Dataset extract:
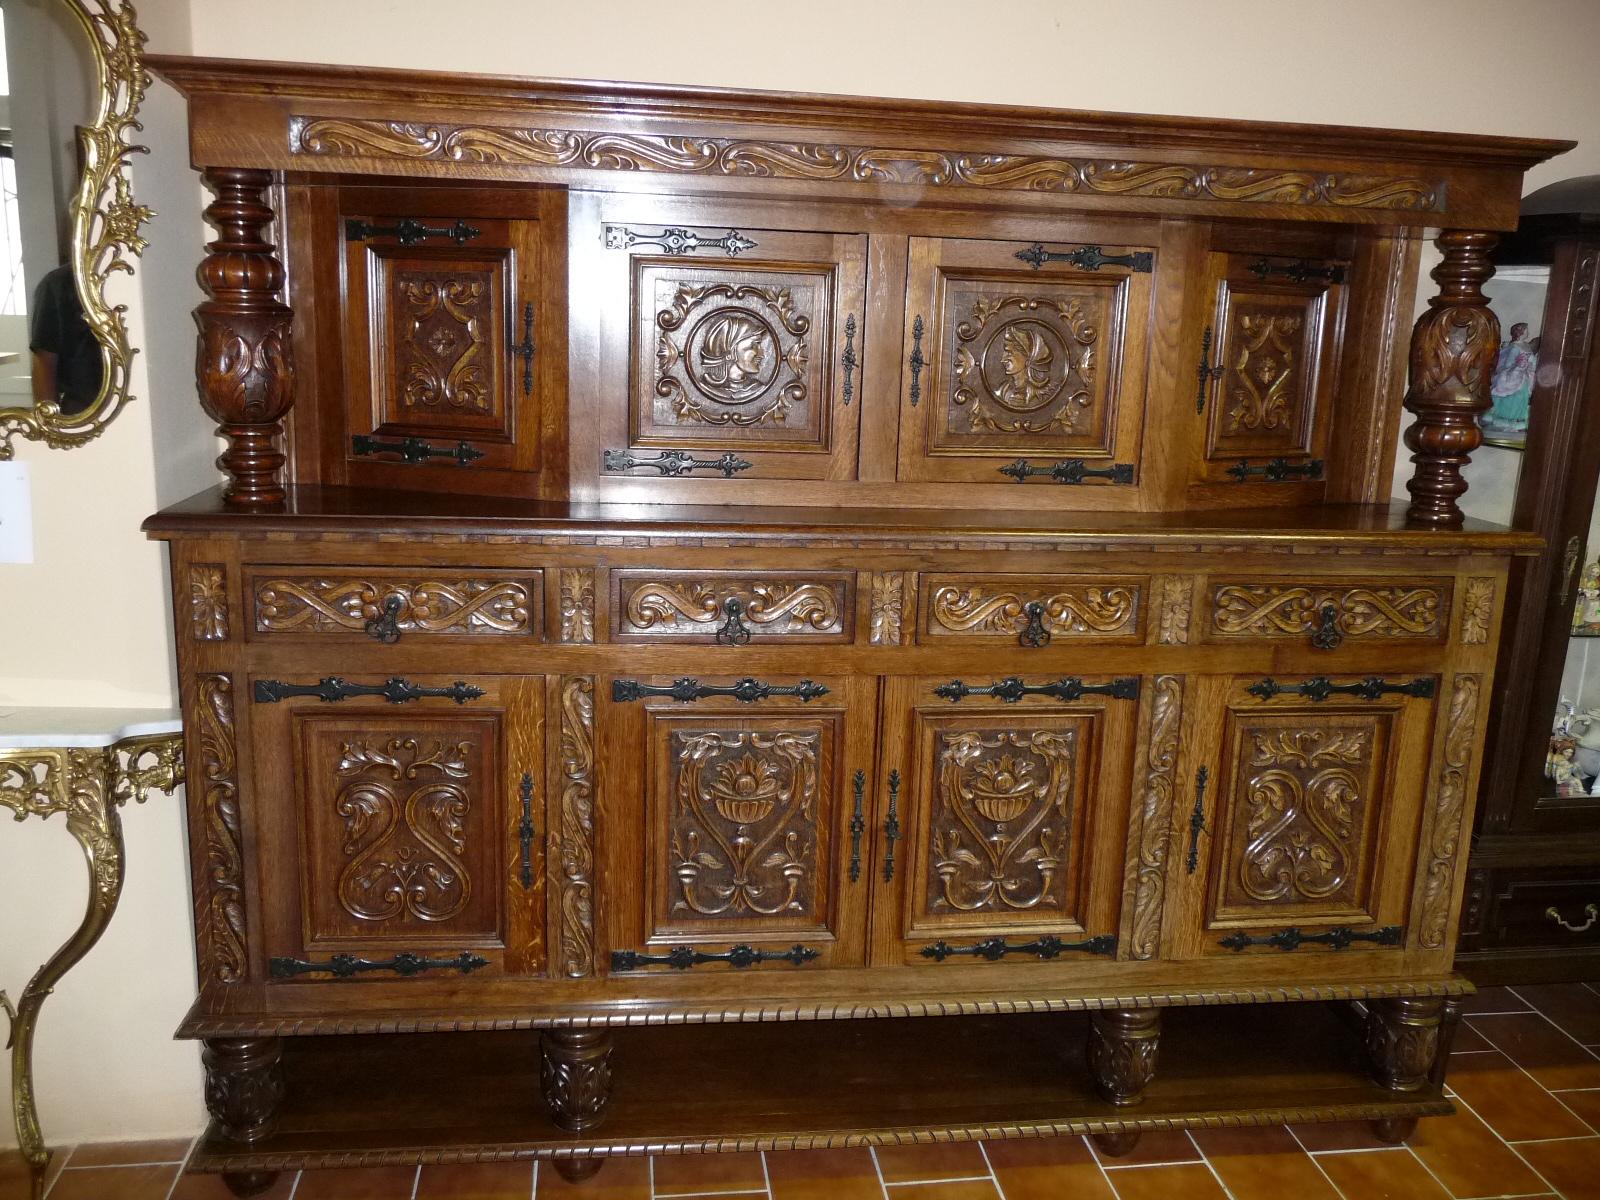 Prodej starého a stylového nábytku, antik, historický.
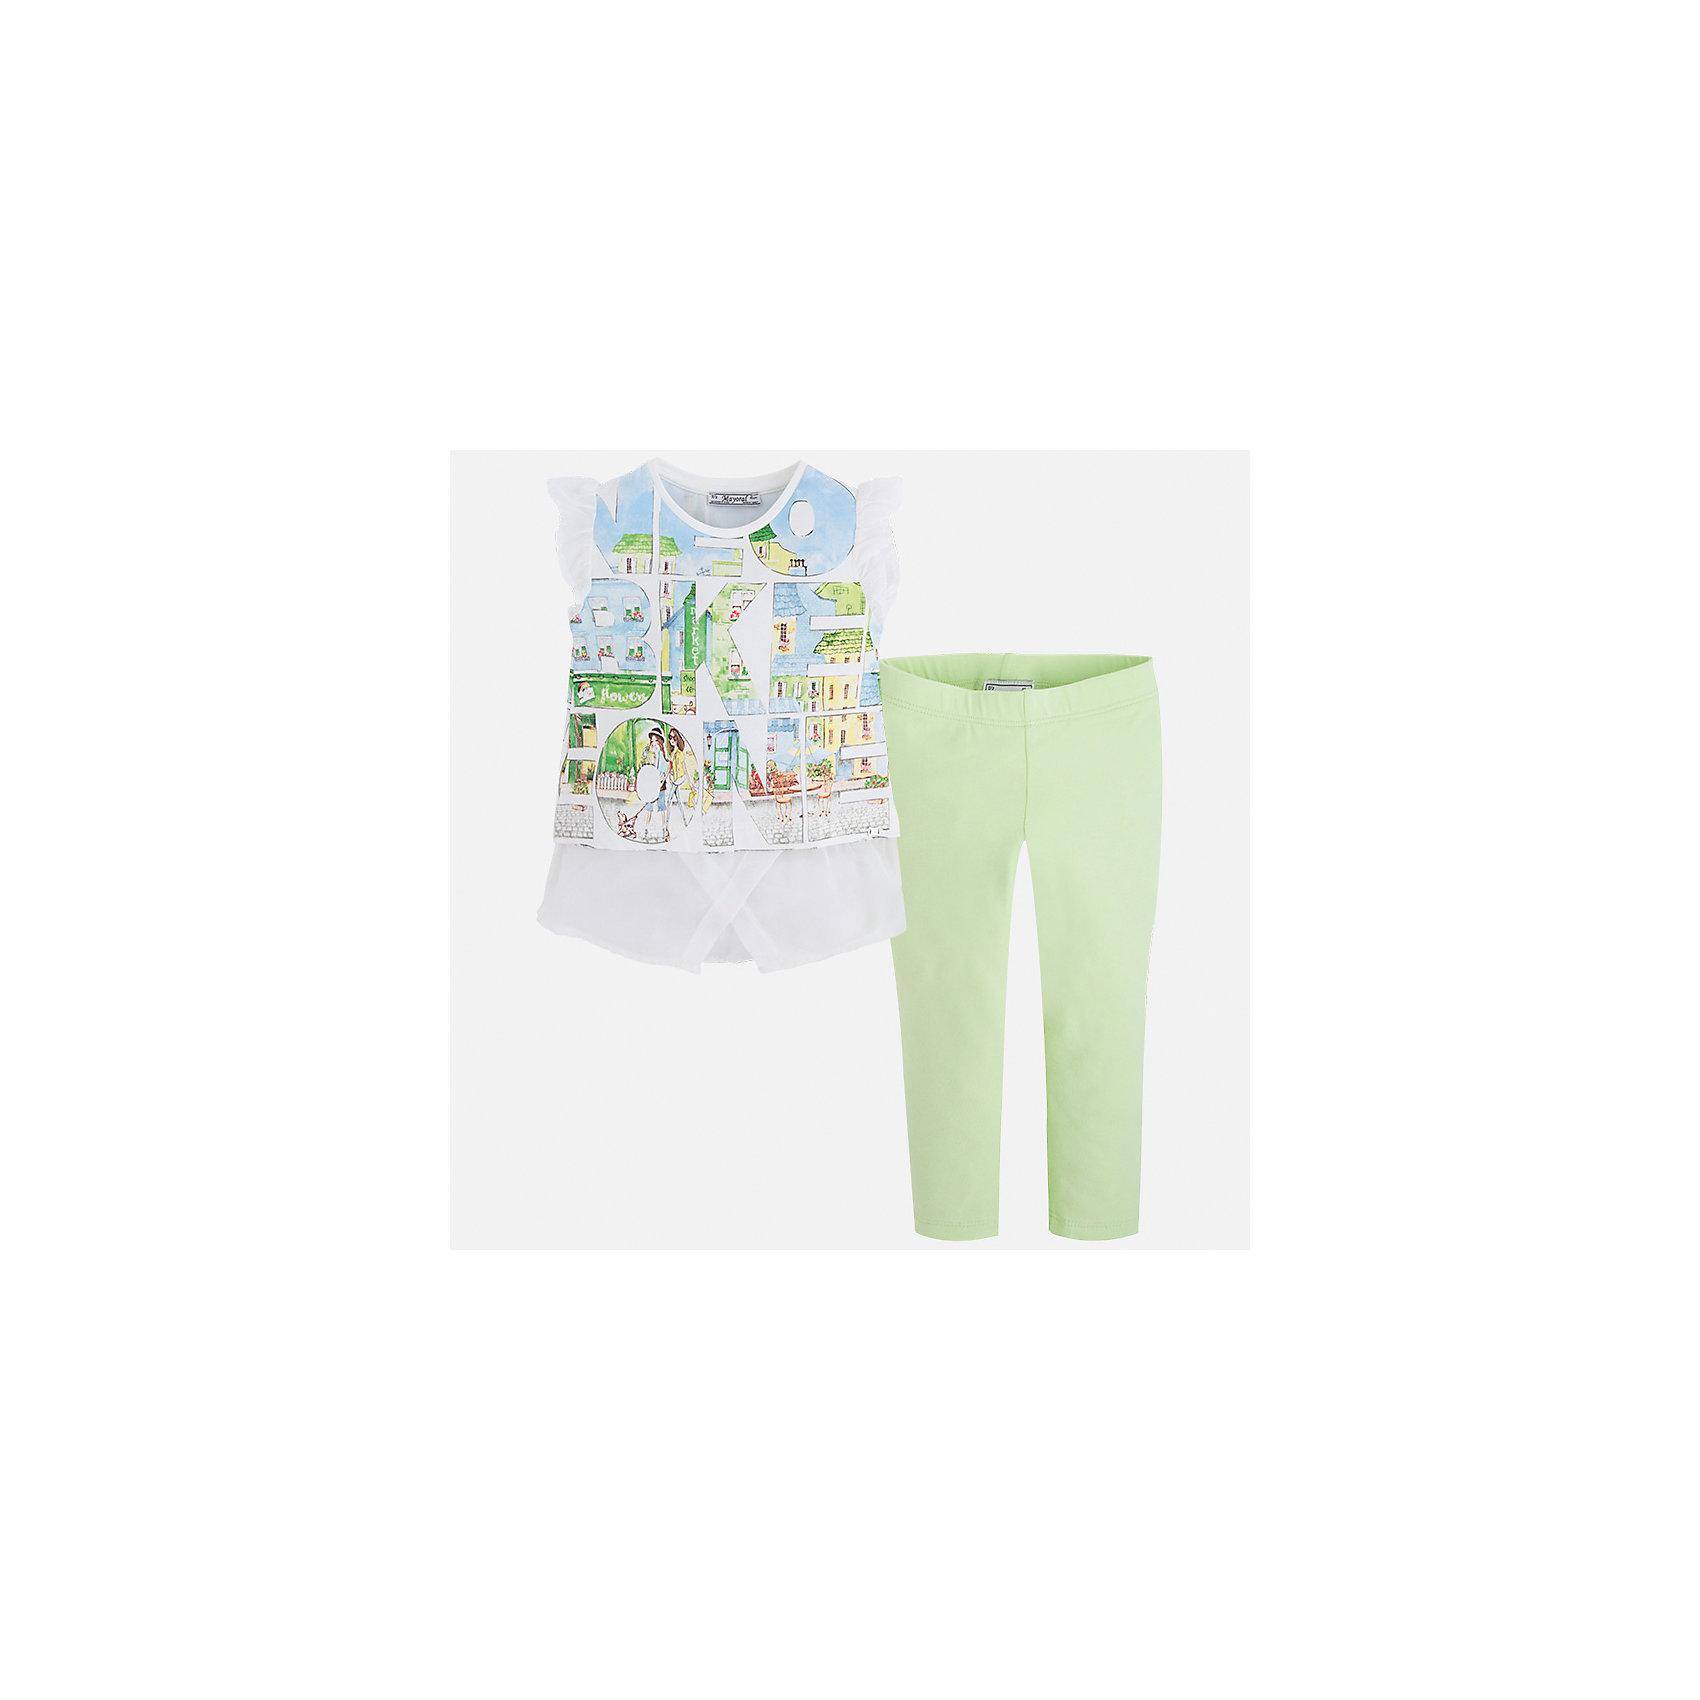 Комплект: футболка с длинным рукавом и леггинсы для девочки MayoralХарактеристики товара:<br><br>• цвет: белый/зеленый<br>• состав: 76% хлопок, 20% полиэстер, 4% эластан<br>• комплектация: футболка, леггинсы<br>• футболка декорирована принтом и оборками<br>• леггинсы однотонные<br>• пояс на резинке<br>• страна бренда: Испания<br><br>Красивый качественный комплект для девочки поможет разнообразить гардероб ребенка и удобно одеться в теплую погоду. Он отлично сочетается с другими предметами. Универсальный цвет позволяет подобрать к вещам верхнюю одежду практически любой расцветки. Интересная отделка модели делает её нарядной и оригинальной. В составе материала - натуральный хлопок, гипоаллергенный, приятный на ощупь, дышащий.<br><br>Одежда, обувь и аксессуары от испанского бренда Mayoral полюбились детям и взрослым по всему миру. Модели этой марки - стильные и удобные. Для их производства используются только безопасные, качественные материалы и фурнитура. Порадуйте ребенка модными и красивыми вещами от Mayoral! <br><br>Комплект для девочки от испанского бренда Mayoral (Майорал) можно купить в нашем интернет-магазине.<br><br>Ширина мм: 123<br>Глубина мм: 10<br>Высота мм: 149<br>Вес г: 209<br>Цвет: зеленый<br>Возраст от месяцев: 96<br>Возраст до месяцев: 108<br>Пол: Женский<br>Возраст: Детский<br>Размер: 134,92,98,104,110,116,122,128<br>SKU: 5300470
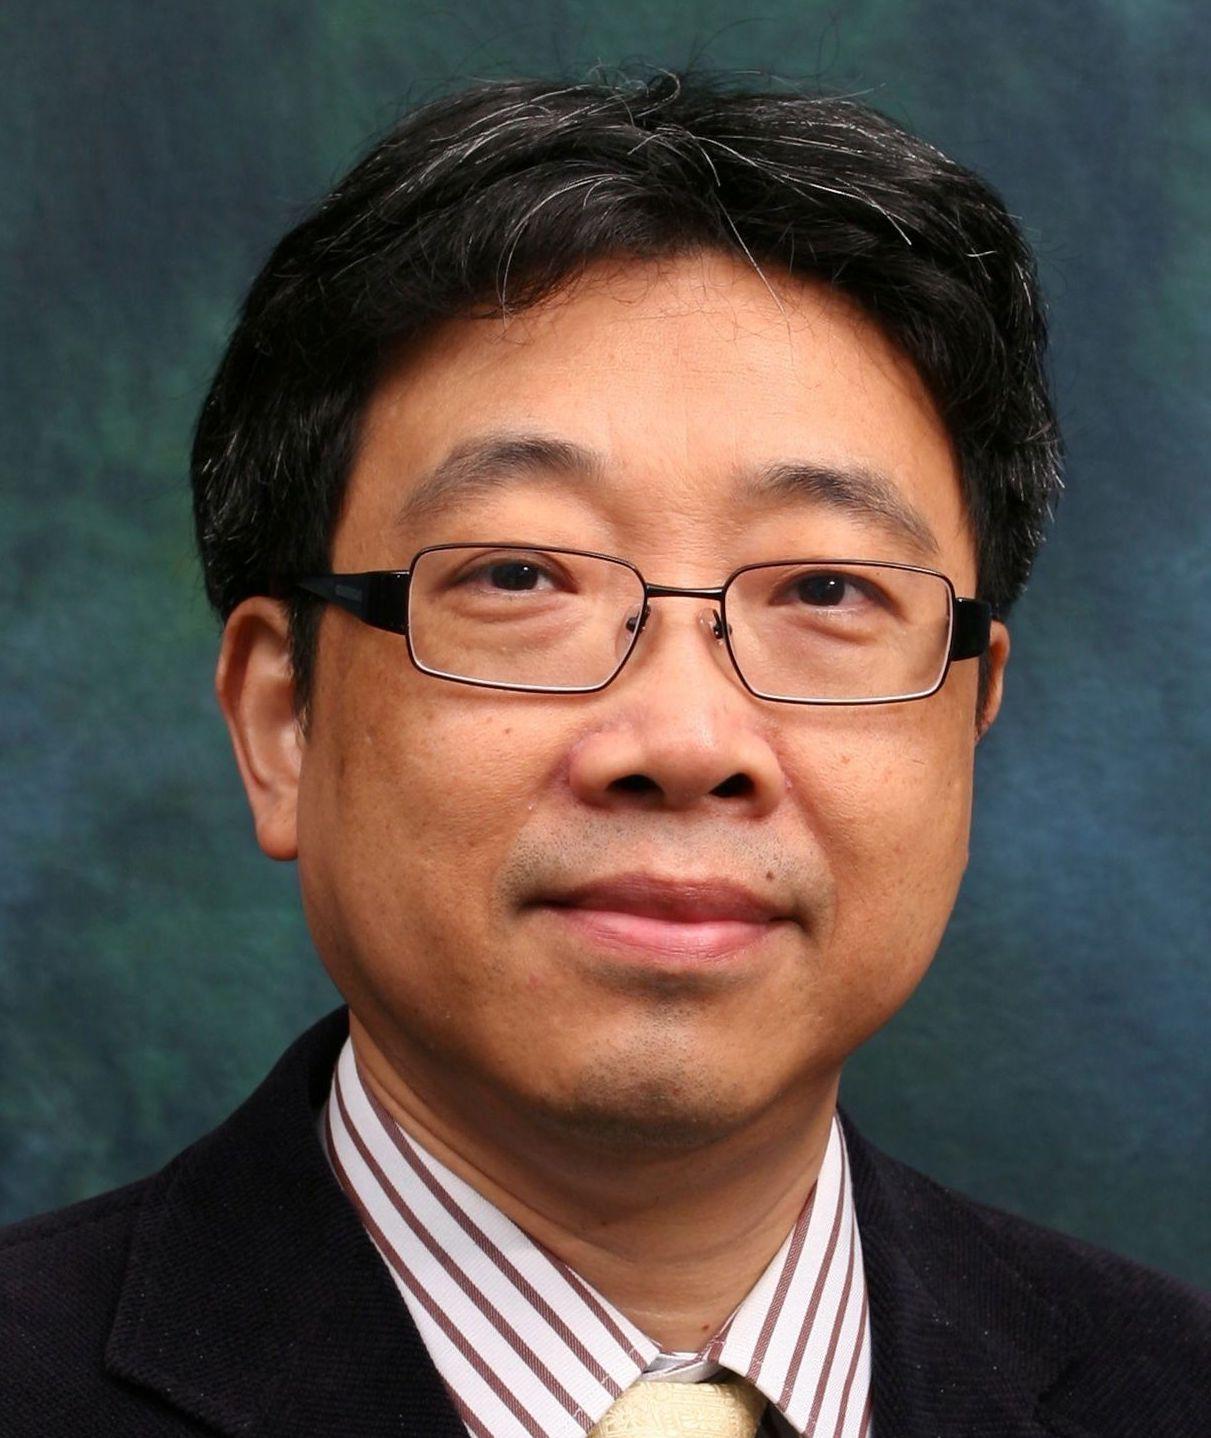 Jiannong Cao
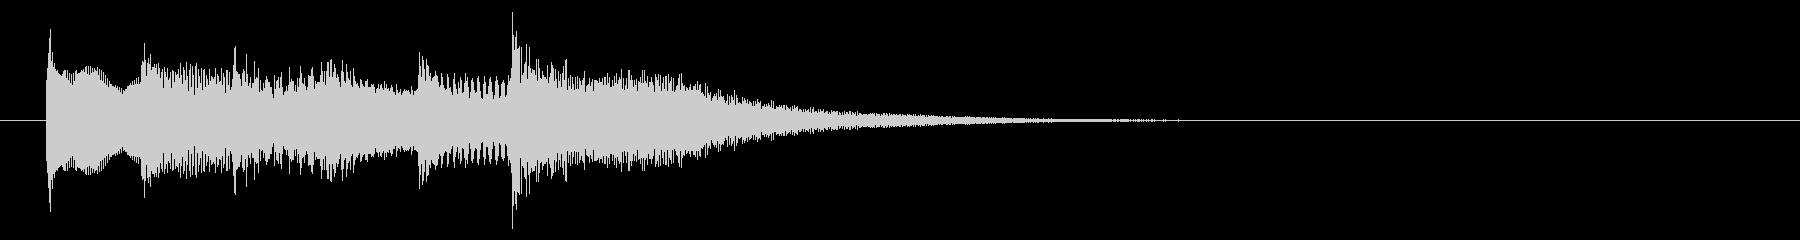 柔らかいオルガンのサウンドロゴの未再生の波形

Task goal: Give the data again exactly as written, with all pictures left out.

Written solution:
 Prodej starého a stylového nábytku, antik, historický.
 Комплект: футболка с длинным рукавом и леггинсы для девочки MayoralХарактеристики товара:<br><br>• цвет: белый/зеленый<br>• состав: 76% хлопок, 20% полиэстер, 4% эластан<br>• комплектация: футболка, леггинсы<br>• футболка декорирована принтом и оборками<br>• леггинсы однотонные<br>• пояс на резинке<br>• страна бренда: Испания<br><br>Красивый качественный комплект для девочки поможет разнообразить гардероб ребенка и удобно одеться в теплую погоду. Он отлично сочетается с другими предметами. Универсальный цвет позволяет подобрать к вещам верхнюю одежду практически любой расцветки. Интересная отделка модели делает её нарядной и оригинальной. В составе материала - натуральный хлопок, гипоаллергенный, приятный на ощупь, дышащий.<br><br>Одежда, обувь и аксессуары от испанского бренда Mayoral полюбились детям и взрослым по всему миру. Модели этой марки - стильные и удобные. Для их производства используются только безопасные, качественные материалы и фурнитура. Порадуйте ребенка модными и красивыми вещами от Mayoral! <br><br>Комплект для девочки от испанского бренда Mayoral (Майорал) можно купить в нашем интернет-магазине.<br><br>Ширина мм: 123<br>Глубина мм: 10<br>Высота мм: 149<br>Вес г: 209<br>Цвет: зеленый<br>Возраст от месяцев: 96<br>Возраст до месяцев: 108<br>Пол: Женский<br>Возраст: Детский<br>Размер: 134,92,98,104,110,116,122,128<br>SKU: 5300470
 Jiannong Cao
 柔らかいオルガンのサウンドロゴの未再生の波形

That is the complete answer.